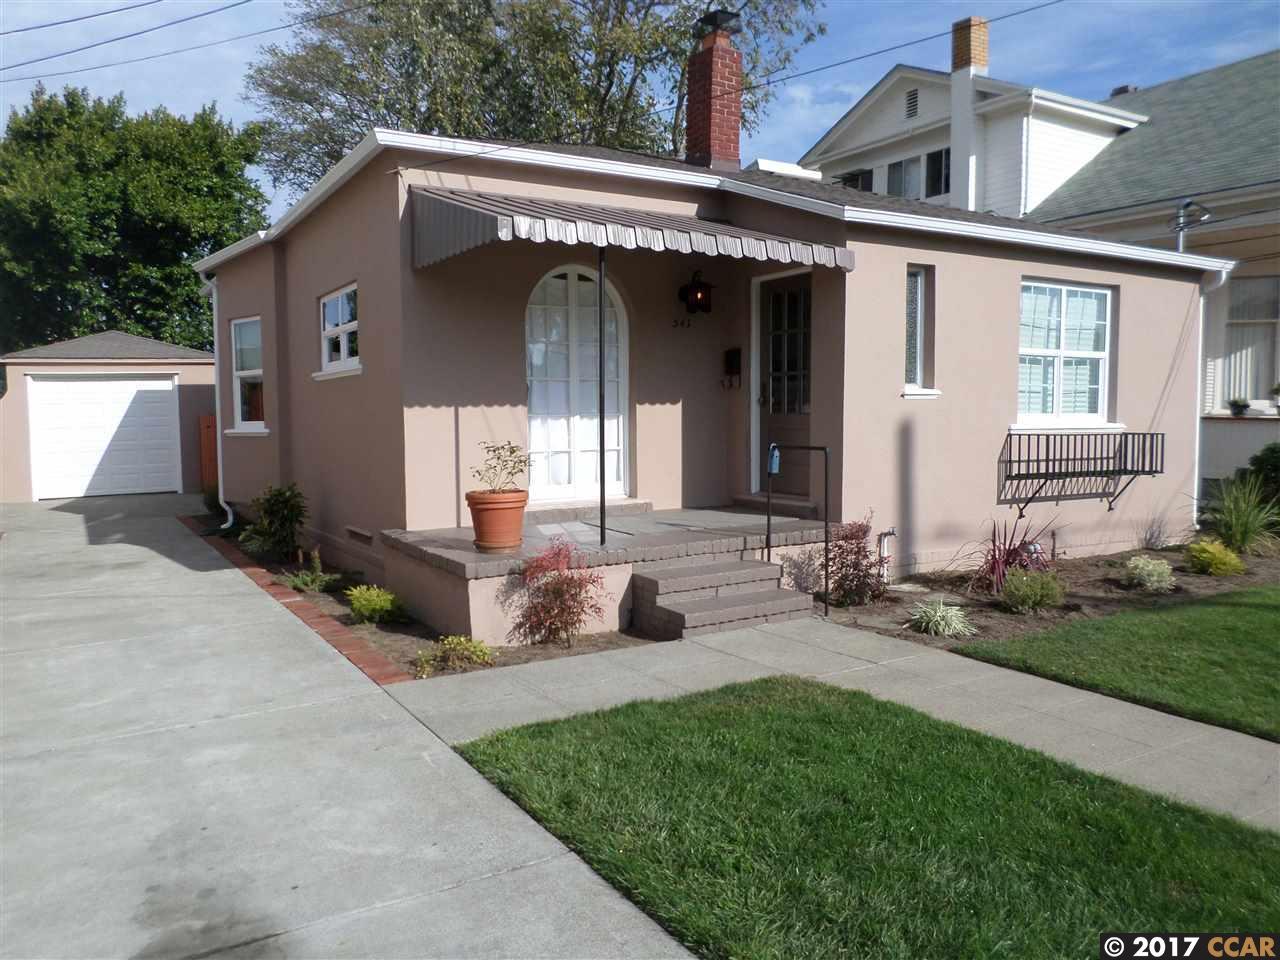 543 Lincoln Ave | ALAMEDA | 1131 | 94501
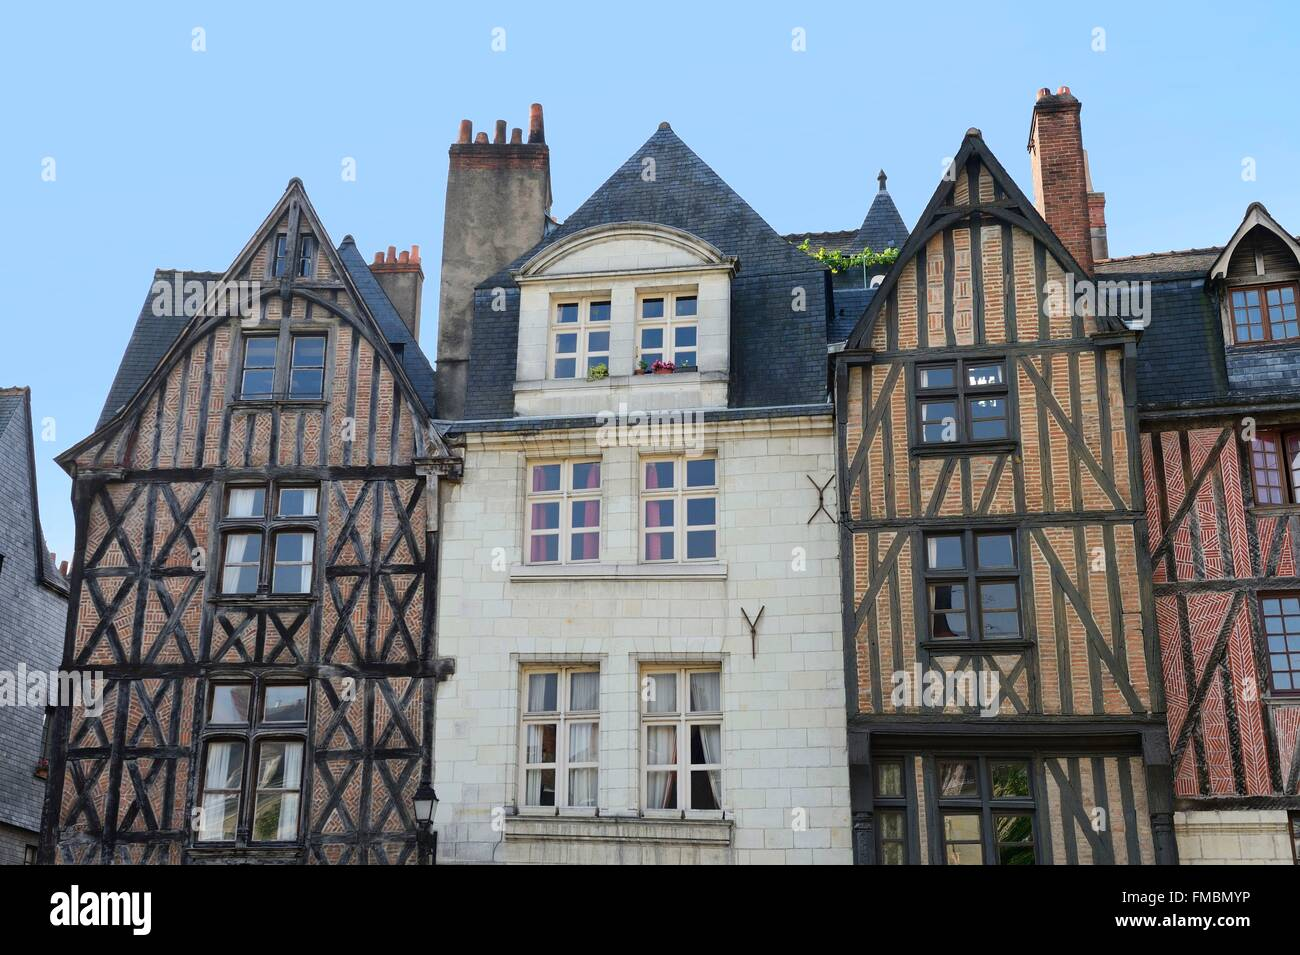 France, Indre et Loire, Tours, the old area, Plumereau square - Stock Image
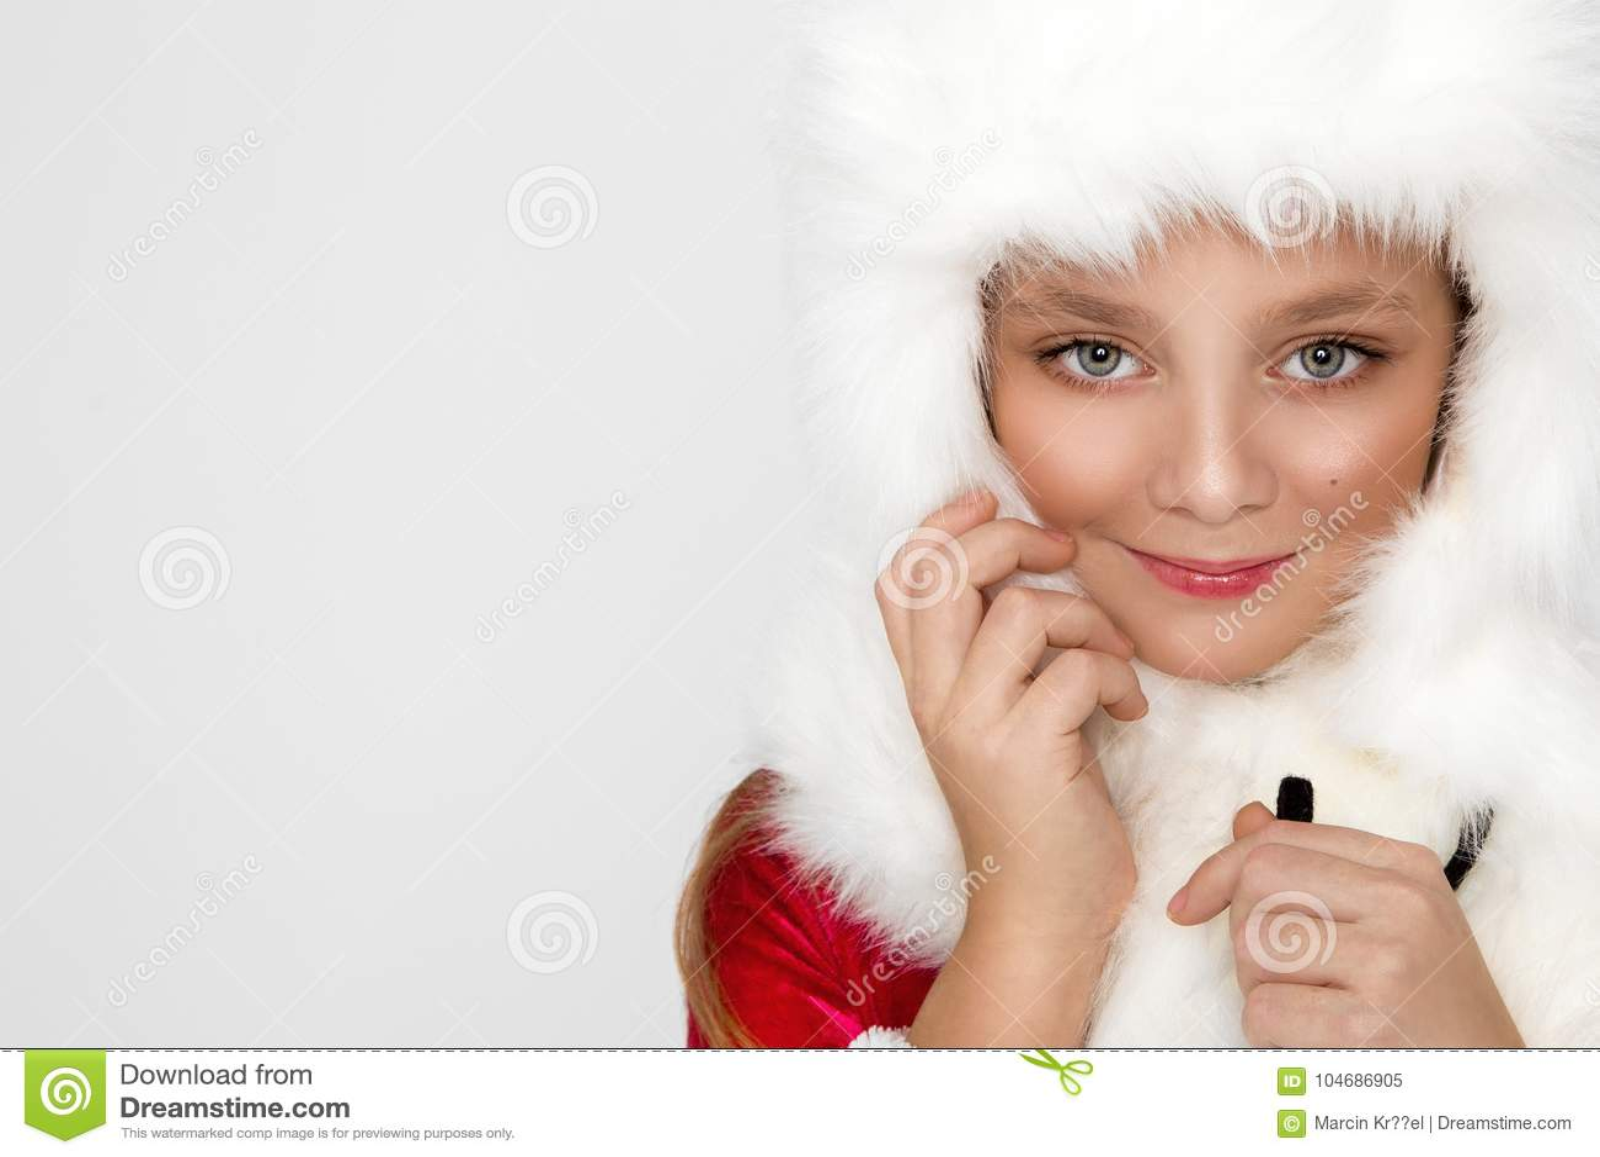 9288ef34d Stunning Beautiful Little Girl With Long Blond Hair

__EXERCISE__: The required output is each line above restated verbatim, with all images omitted.

__RESULT OF THIS EXERCISE__:
 543 Lincoln Ave | ALAMEDA | 1131 | 94501
 France, Indre et Loire, Tours, the old area, Plumereau square - Stock Image
 9288ef34d Stunning Beautiful Little Girl With Long Blond Hair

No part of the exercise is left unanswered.